The heart of Warsaw is its beautiful Old Town, with narrow cobbled streets, colourful historic buildings and a fairytale character. This tiny cluster of archways and courtyards round the Main Market Square was once the whole extent of the city. While a Renaissance-period New Town sprang up beyond its borders, and the surrounding countryside was built over with the palatial homes of important noblemen, Warsaw remained within the bounds of the Old Town you see today, surrounded by high defensive walls.
The walls were originally raised in the Middle Ages, with gates located at several points round the city. You can still see large fragments of the walls, particularly on the western side of the Old Town leading from Castle Square. At the north end of the Old Town, a high segment of the wall forms an excellent viewpoint, looking out over the downhill slope to the Vistula, the rooftops of the New Town, and the round outline of the Barbican, through whose arches you pass as you exit old Warsaw.
The Barbican was built in 1540 on the site of an earlier gate, probably in response to increased threat of invasion. It was an impressive bastion manned by fusiliers, surrounded by a deep moat, but its useful life was rather short. Not long after it had been built, advances in artillery made the Barbican obsolete, and it was used in actual defense of the city only once.

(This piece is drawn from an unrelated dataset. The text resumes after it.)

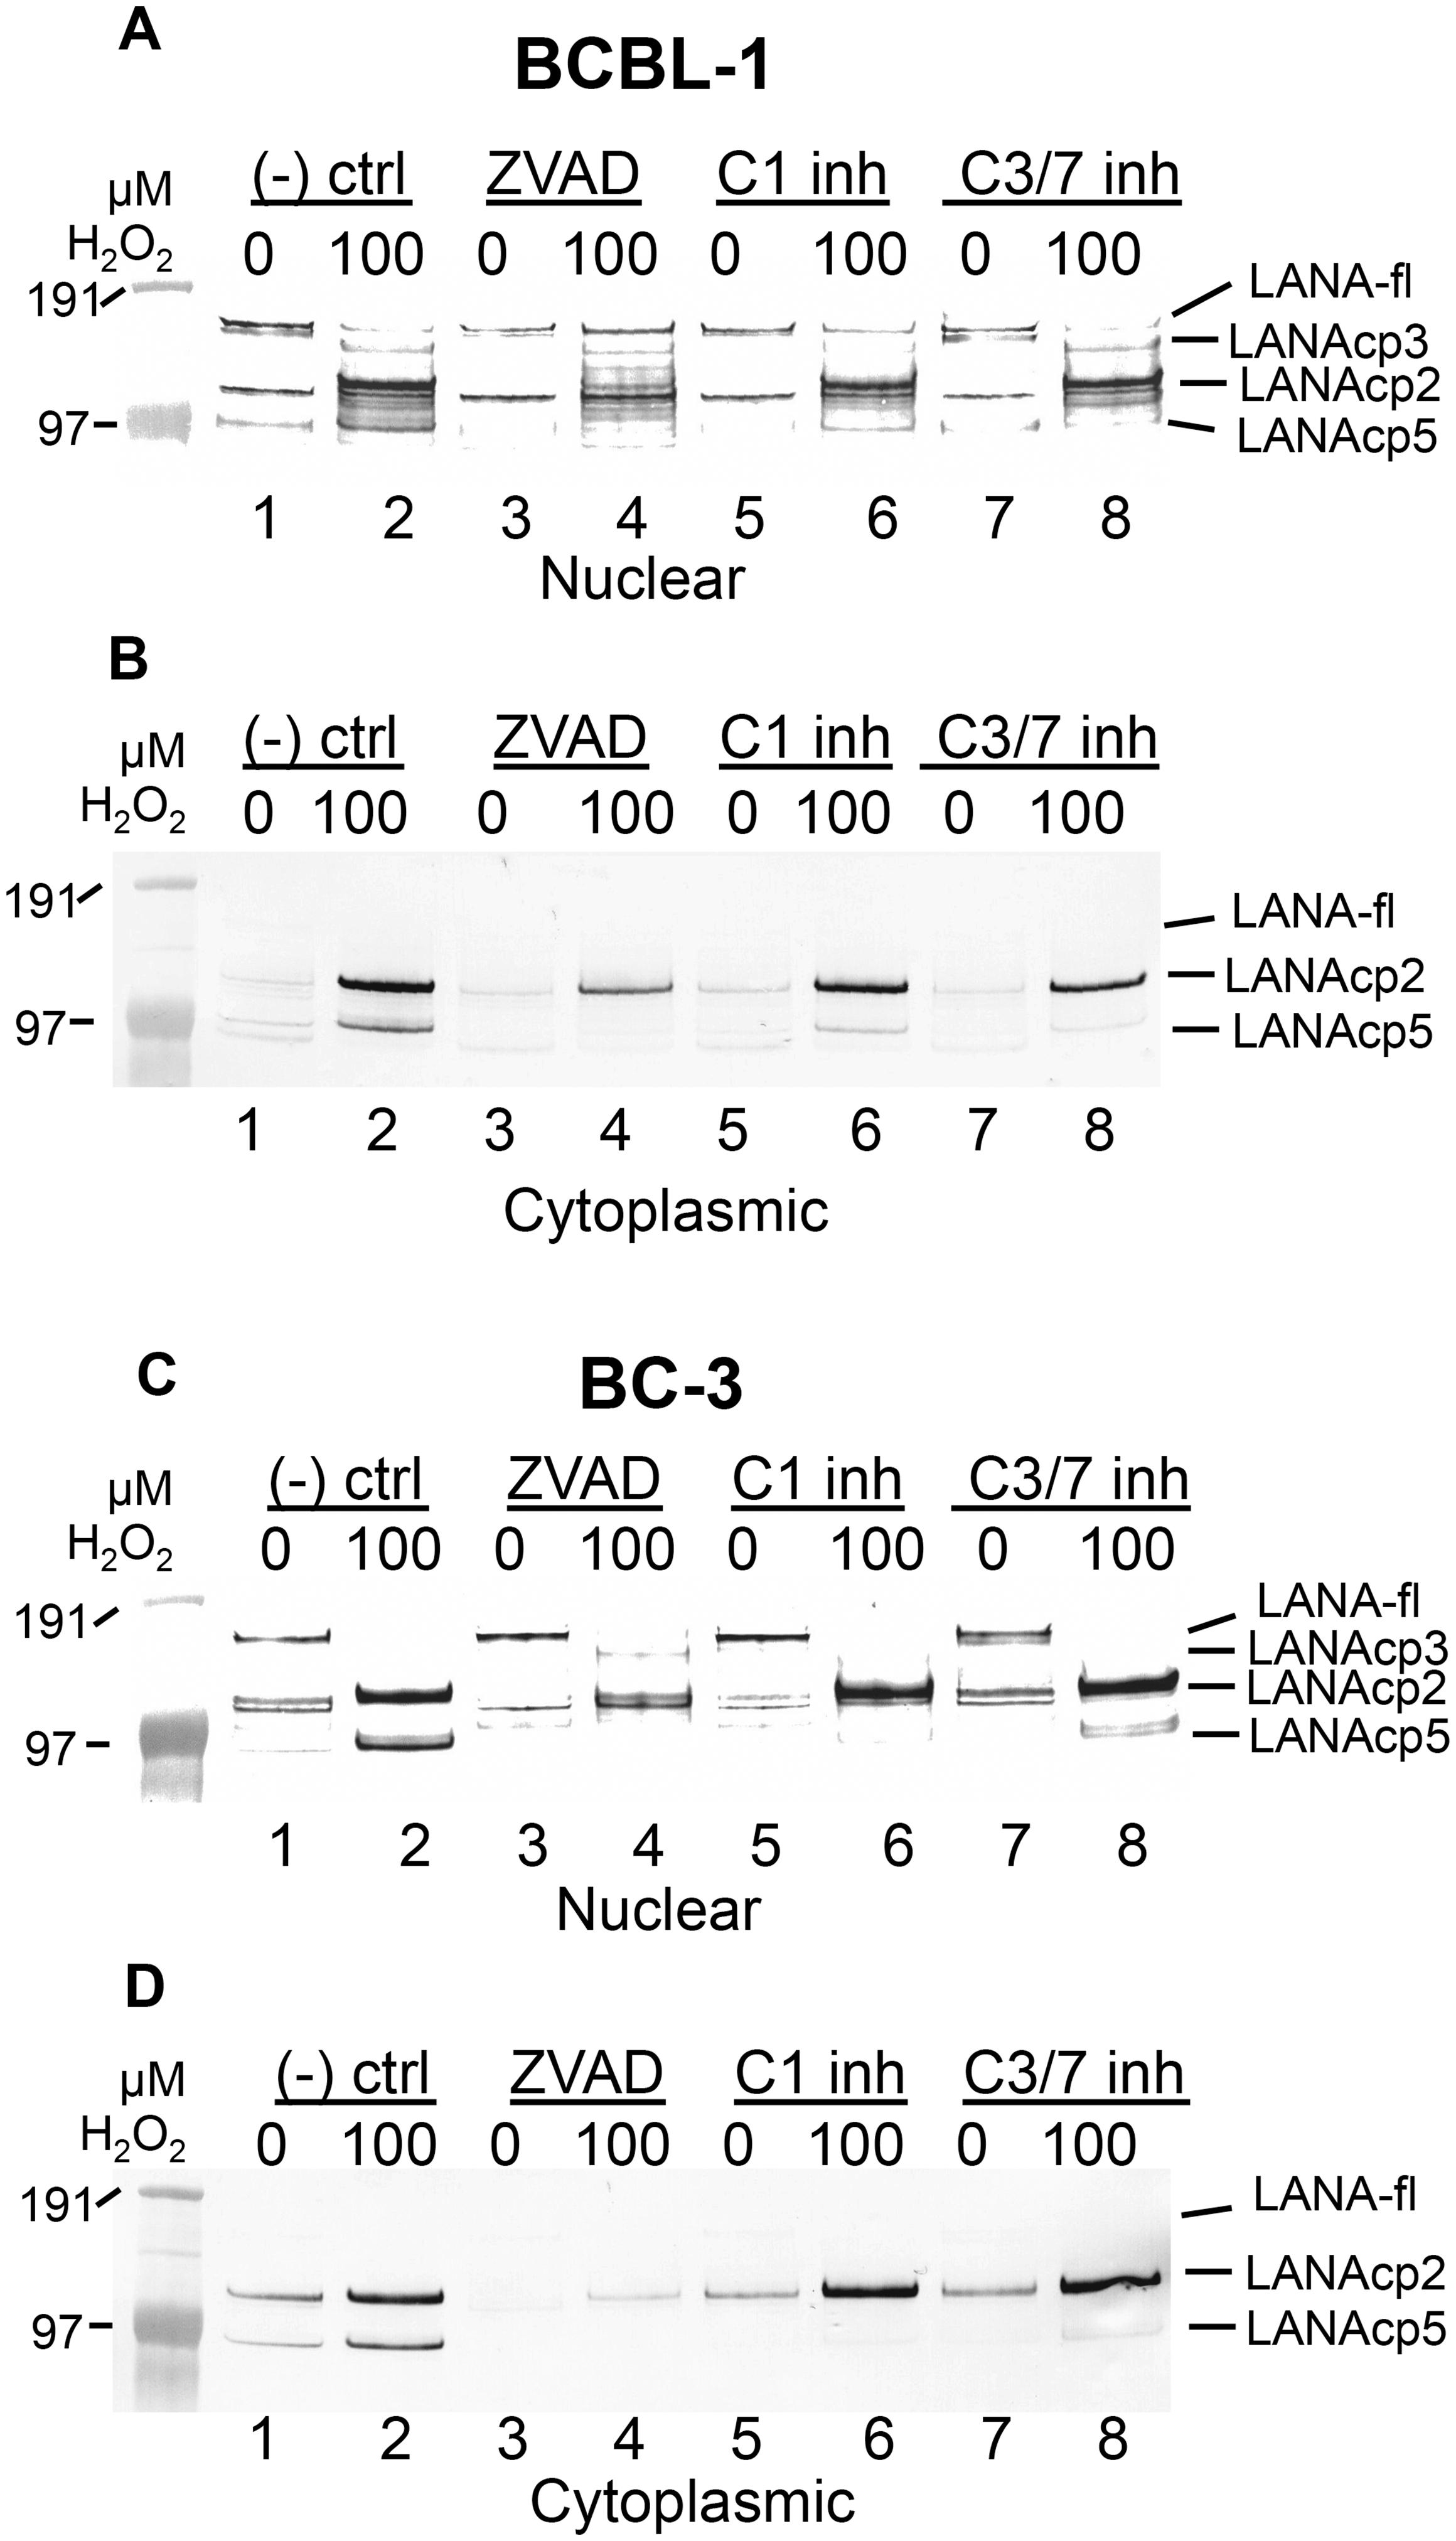 Caspase inhibitors block oxidative stress-induced changes in LANA.
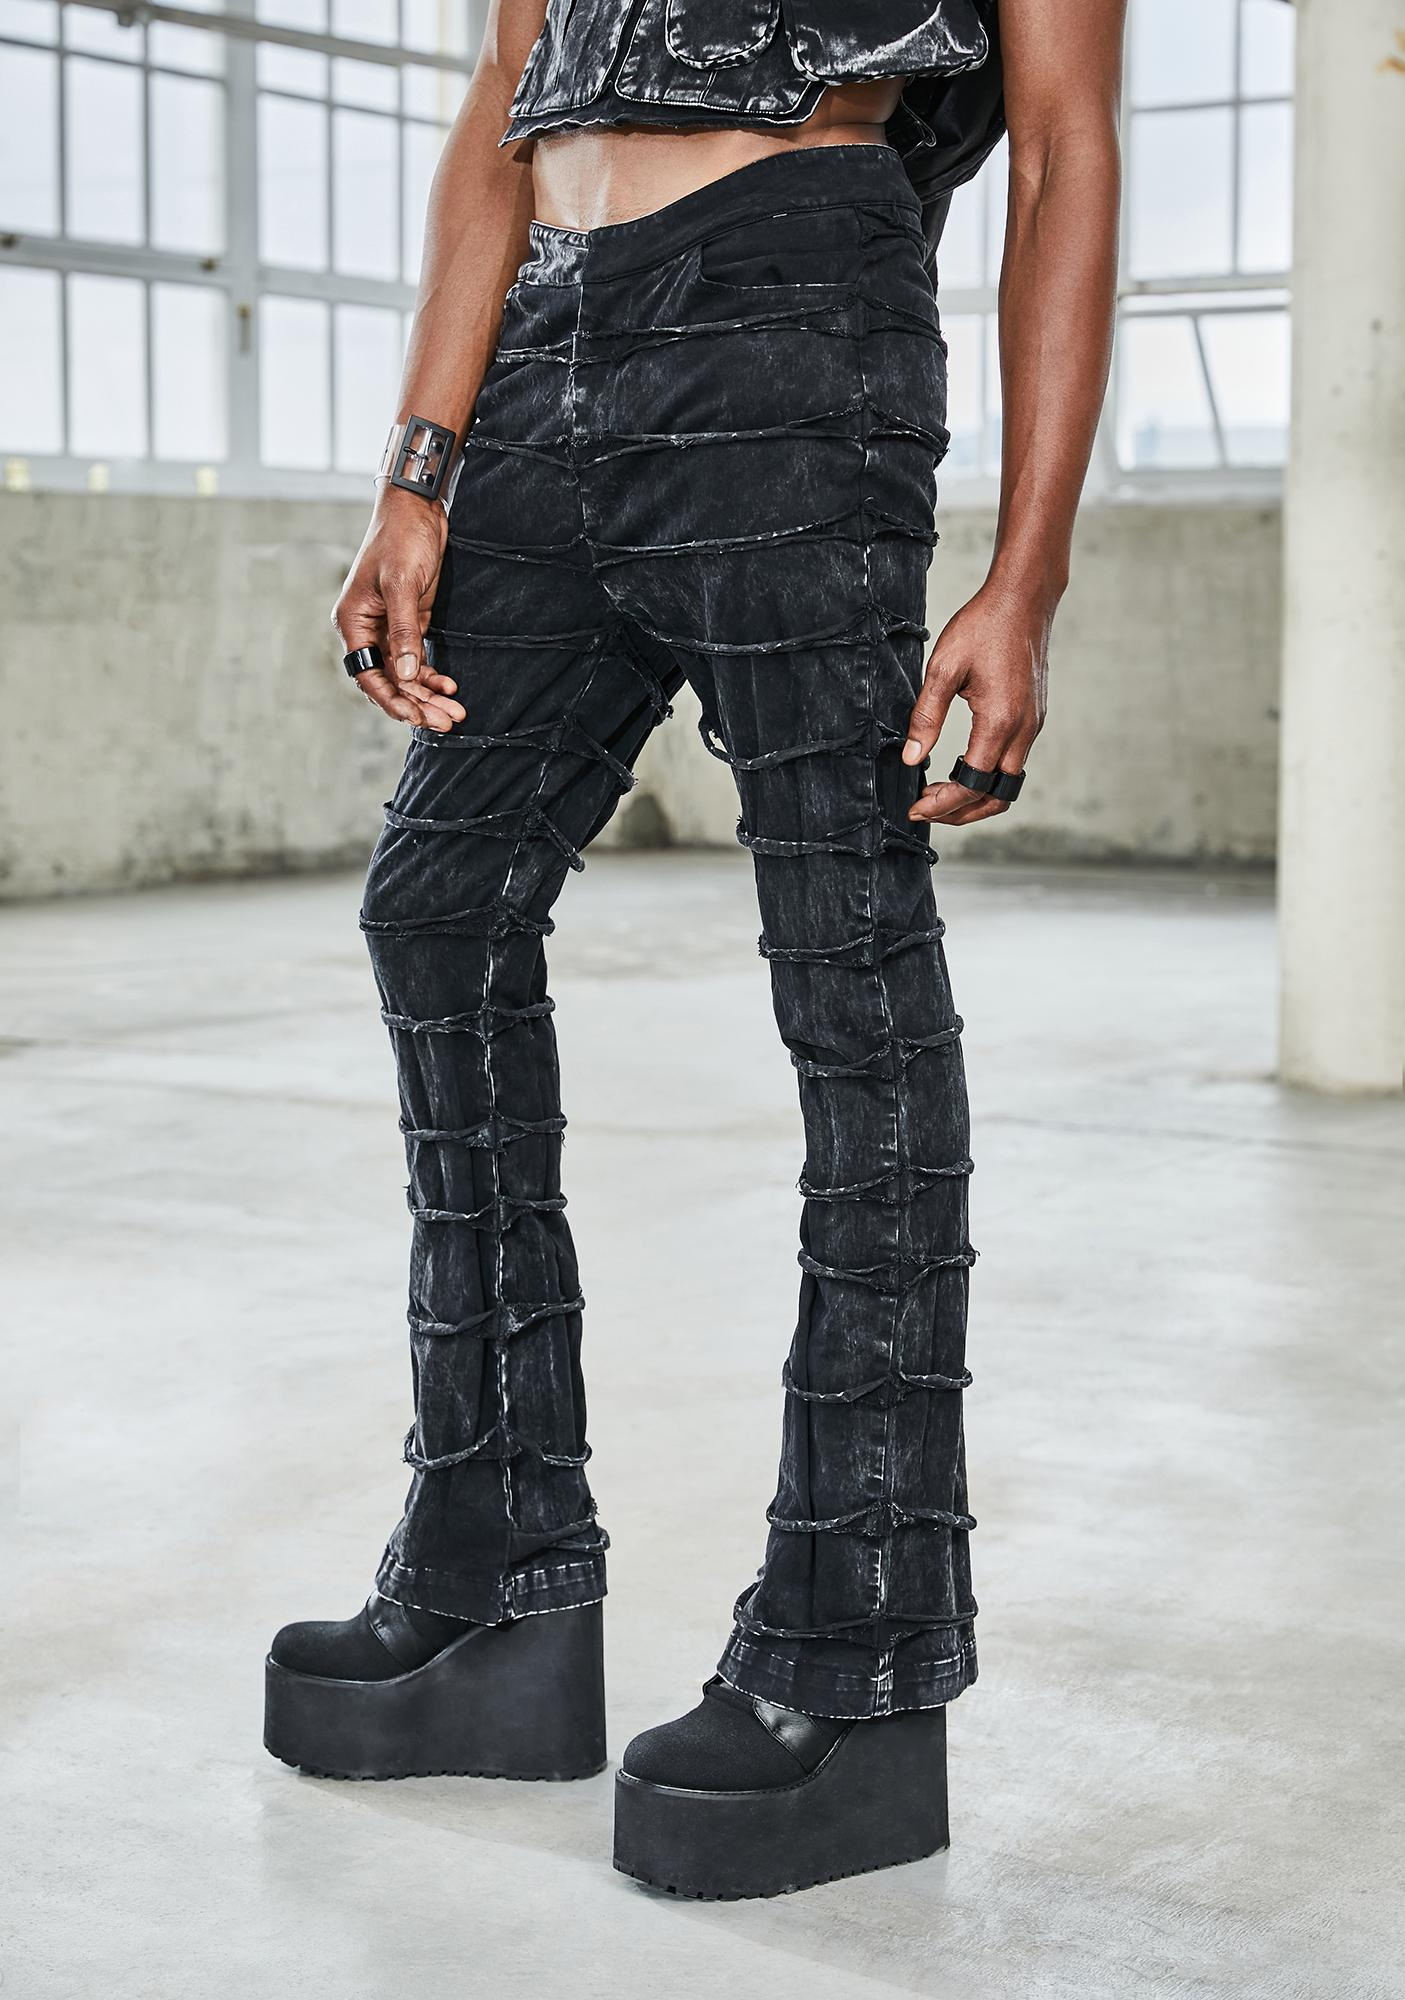 DARKER WAVS Bassline Distressed Patchwork Pants

Whether or not it was ever practically useful, Warsaw's Barbican definitely lends an aesthetic touch to the city, recreating the feel of another era, when high walls and deep moats could protect a city from destruction. If you'd like to get more into the mood of the Middle Ages, check out the small but enlightening Barbican Museum. Here you can observe the advances in military practices from medieval times until today, and you can also examine the methods by which information was once extracted from suspects in an exhibit on torture.
Along the perimeter of the Old Town's defensive walls, you'll notice a striking monument of a city dweller in typical pre-19th-century Polish garb (long, high-necked coat tied round the middle with an embroidered scarf), brandishing a sword. This is Jan Kilinski, a brave shoemaker who led the people of Warsaw in the Kosciuszko Uprising of 1794 against Tsarist Russia. He is a perfect representative of Warsaw's tumultuous past, featuring a long parade of uprisings and displays of bravery by simple local people.
During the German occupation of Warsaw in the Second World War, the statue was arrested and incarcerated. Varsovians soon discovered its location, however - the basement of the National Museum. In response, some insurgents spread a handwritten message, supposedly from Copernicus, all over the city, stating that he would take revenge on the abduction of the statue by declaring the following winter to be six weeks longer. According to historical accounts, the winter of 1942 was indeed unusually long and cold.
One other monument worth finding along the defensive walls is the Little Insurgent, a sculpture of a young boy, dressed in a large helmet and carrying a gun, representing the countless children who heroically resisted the Germans during the Warsaw Uprising of 1944.